Recently I've been experimenting with an idea I had to encourage developers to improve their code. The idea involves enforcing an arbitrary line limit on the code they write. For example, I may tell them to implement a certain feature, but that the code they write cannot be longer than, say, 100 lines. That may sound like a stupid idea, but it always ends up with better and more well thought-out code. Let me explain the logic behind this.

Given enough time, any standard of programmer can implement pretty much any application. The result may end up a completely unmaintainable mess, but it'll work for sure. Sometimes. Eventually. But at what point does an application become a mess? Usually when it's too big: when there's too many lines of code.

Have you ever had to take on someone else's code and complained that the code is unmanageable because it's too small? I doubt it. Generally, even unmaintainable code can easily become maintainable if it's small enough, because we can simply rewrite the complicated sections. However when you're faced with an unmaintainable application consisting of millions of lines of code, the likelihood of a bad design increases, and with it the likelihood of a complete rewrite too: By keeping your project line count low, you're helping keep your project maintainable.

Now, I know it's easy to make these blanket statements that the more lines of code, the more complex the application becomes - but it's not as random as you might think. The concept certainly isn't new, but I do think it deserves more attention.

When you're forced to write code in fewer lines you suddenly take on a entirely different mindset and approach to programming. Consider how it changes your approach:

  • You're forced to re-use code because it might be the only way you can reduce the number of lines.
  • You start thinking twice before copying and pasting code.
  • You look at your classes to see how you can use them polymorphically.
  • You derive more classes and build a class hierarchy.
  • You might be forced to use declarative programming techniques, because by moving the essence of your application's initialization into configuration you might find you've ended up with less duplication of logic.

The bottom line is that there's quite a lot of good programming practices that are forced onto you when you're given a constraint on the size of the code you write.

And the key isn't necessarily to set an arbitrary line limit, but to ask the question: can this code be any smaller than it is? By setting an arbitrary line limit, you're forcing them to make it as small as it can be. The line limit is just a carrot dangling on the end of a stick.

If you're a lazy programmer, which I am, then some of this may come naturally to you. Of course I don't mean mentally lazy, I mean physically lazy. Yes, so lazy you can't be bothered to move your fingers to type out all those lines. Lazy programmers don't need a team lead telling them to write less lines of code, the very thought of having to maintain, let alone type out, all that code is enough to constrain the amount of code they write a day.

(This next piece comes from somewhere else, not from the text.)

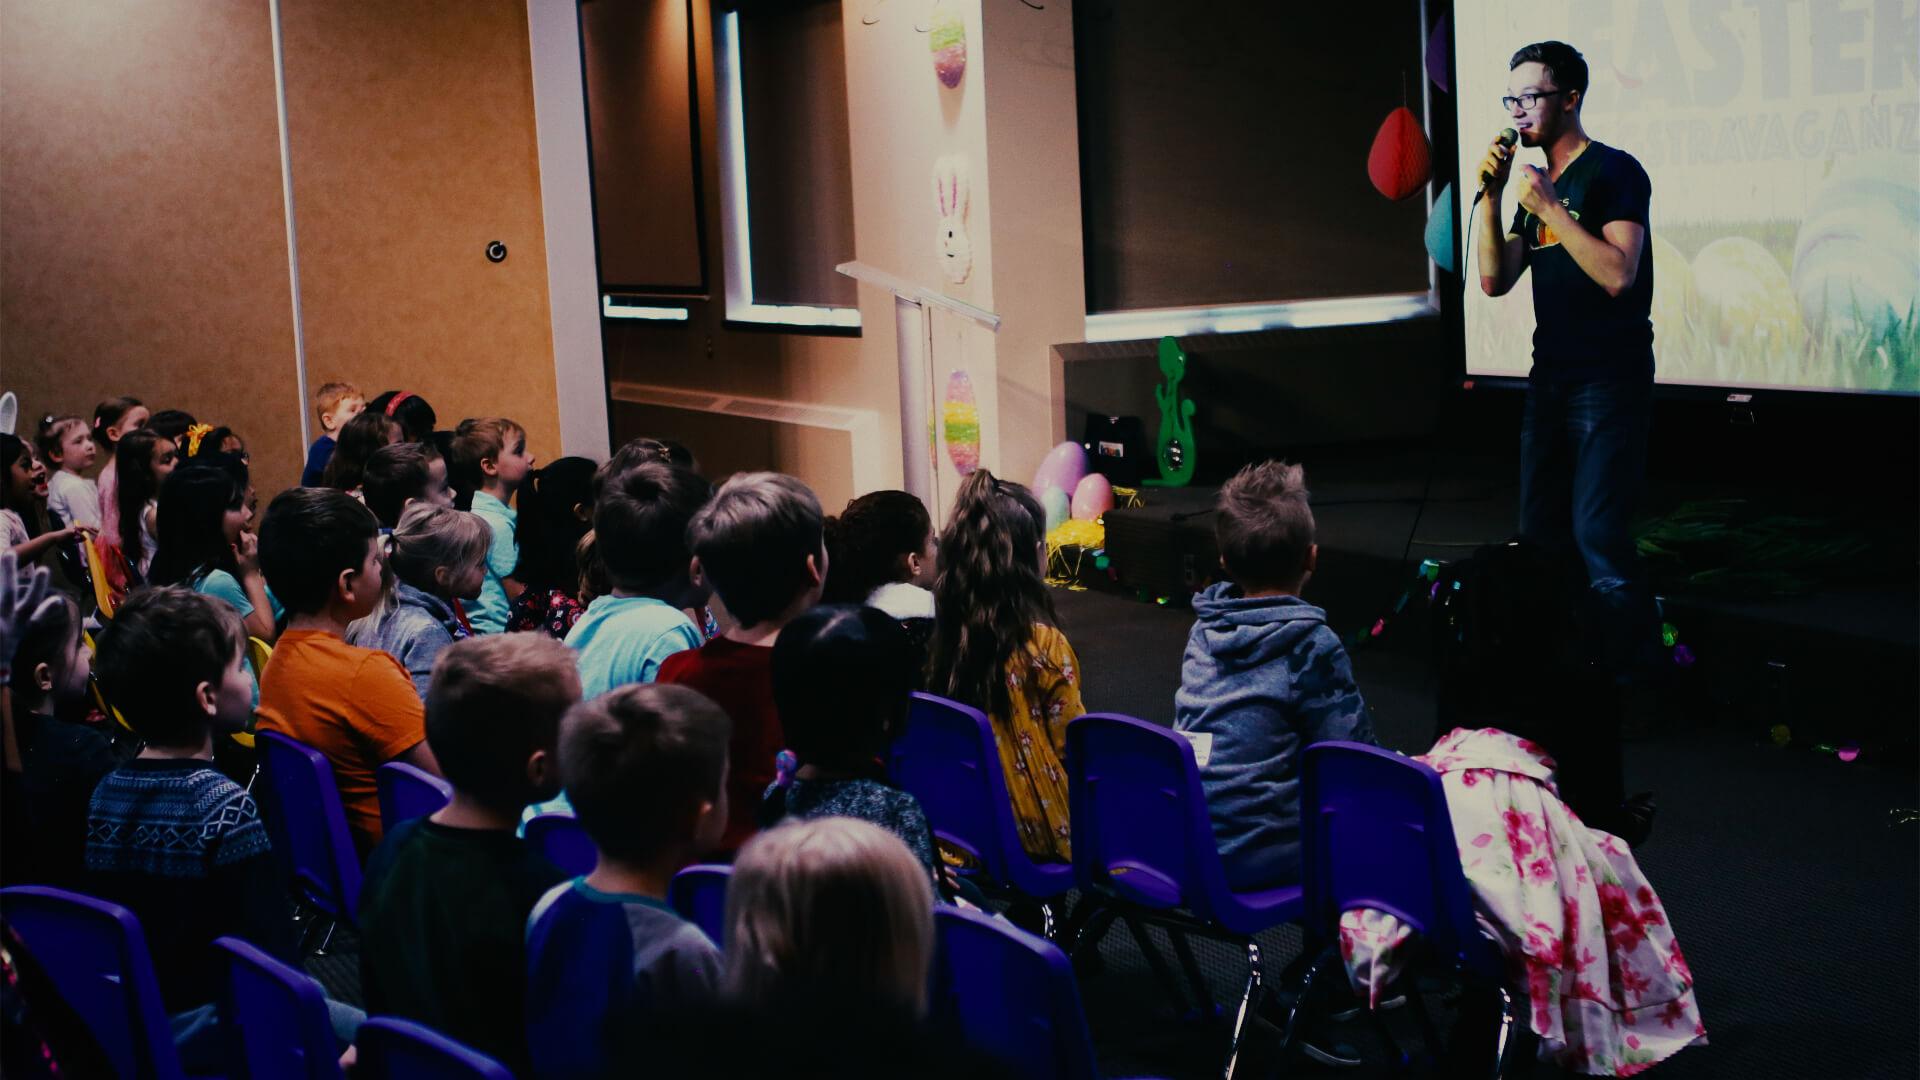 Springs Church Winnipeg for Kids - For 4 months through 6th grade

Some call this phenomenon "code bloat", and I think it's sufficiently widespread to warrant some major action. You don't have to look very far to find the evidence: it seems the more memory and hard disk space available on average machines, the less care goes into keeping code small. It really wasn't all that long ago, relatively speaking, that a useful operating system could fit on a 180 Kb floppy disk. And now Windows XP on my machine takes up almost 2 gigabytes.

Lets look at an example of what I mean. Take this C# code here:

class Mortgage
{
    public bool IsLoanActive;
    public float Principal;
    public float Interest;
}

class CarLoan
{
    public bool IsLoanActive;
    public float Principal;
    public float Interest;
}

class BusinessLoan
{
    public bool IsLoanActive;
    public float Principal;
    public float Interest;
}

// returns the total interest for a year of all active mortgages.
float GetTotalInterestForThisYear( Mortgage[ ] mortgages, CarLoan[ ] loans1, BusinessLoan[ ] loans2)
{
    float totalInterest = 0;
    foreach ( Mortgage mort in mortgages)
    {
        if ( mort.IsLoanActive)
        {
            totalInterest = totalInterest + mort.Interest * 12;
        }
    }     
    foreach ( CarLoan loan1 in loans1)
    {
        if ( loan1.IsLoanActive)
        {
            totalInterest = totalInterest + loan1.Interest;
        }
    }
    foreach ( BusinessLoan loan2 in loans2)
    {
        if ( loan2.IsLoanActive)
        {
            totalInterest = totalInterest + loan2.Interest;
        }
    }
    return totalInterest;
}     

// returns a list of all active loan amounts
float[ ] GetAllLoanAmounts( Mortgage[ ] mortgages, CarLoan[ ] loans1, BusinessLoan[ ] loans2)
{
    int totalActiveLoans = 0;
    // find out how many active loans there are
    foreach ( Mortgage mort in mortgages)
    {
        if ( mort.IsLoanActive)
        {
            totalActiveLoans = totalActiveLoans + 1;
        }
    }     
    foreach ( CarLoan loan1 in loans1)
    {
        if ( loan1.IsLoanActive)
        {
            totalActiveLoans = totalActiveLoans + 1;
        }
    }
    foreach ( BusinessLoan loan2 in loans2)
    {
        if ( loan2.IsLoanActive)
        {
            totalActiveLoans = totalActiveLoans + 1;
        }
    }
    float[ ] amounts = new float[ totalActiveLoans] ;
    int count = 0;
    // put the amounts into the array
    foreach ( Mortgage mort in mortgages)
    {
        if ( mort.IsLoanActive)
        {
            amounts[ count] = mort.Principal;
            count = count + 1;
        }
    }     
    foreach ( CarLoan loan1 in loans1)
    {
        if ( loan1.IsLoanActive)
        {
            amounts[ count] = loan1.Principal;
            count = count + 1;
        }
    }
    foreach ( BusinessLoan loan2 in loans2)
    {
        if ( loan2.IsLoanActive)
        {
            amounts[ count] = loan2.Principal;
            count = count + 1;
        }
    }
    return amounts;
}

The total amount of code inside the function bodies total about 75 lines. It may not look that bad to the untrained eye, but just look at all that redundancy - the code that almost looks like it was copied and pasted. I hate seeing visual patterns in my source code. If I see a pattern, then that tells me the code needs to be refactored.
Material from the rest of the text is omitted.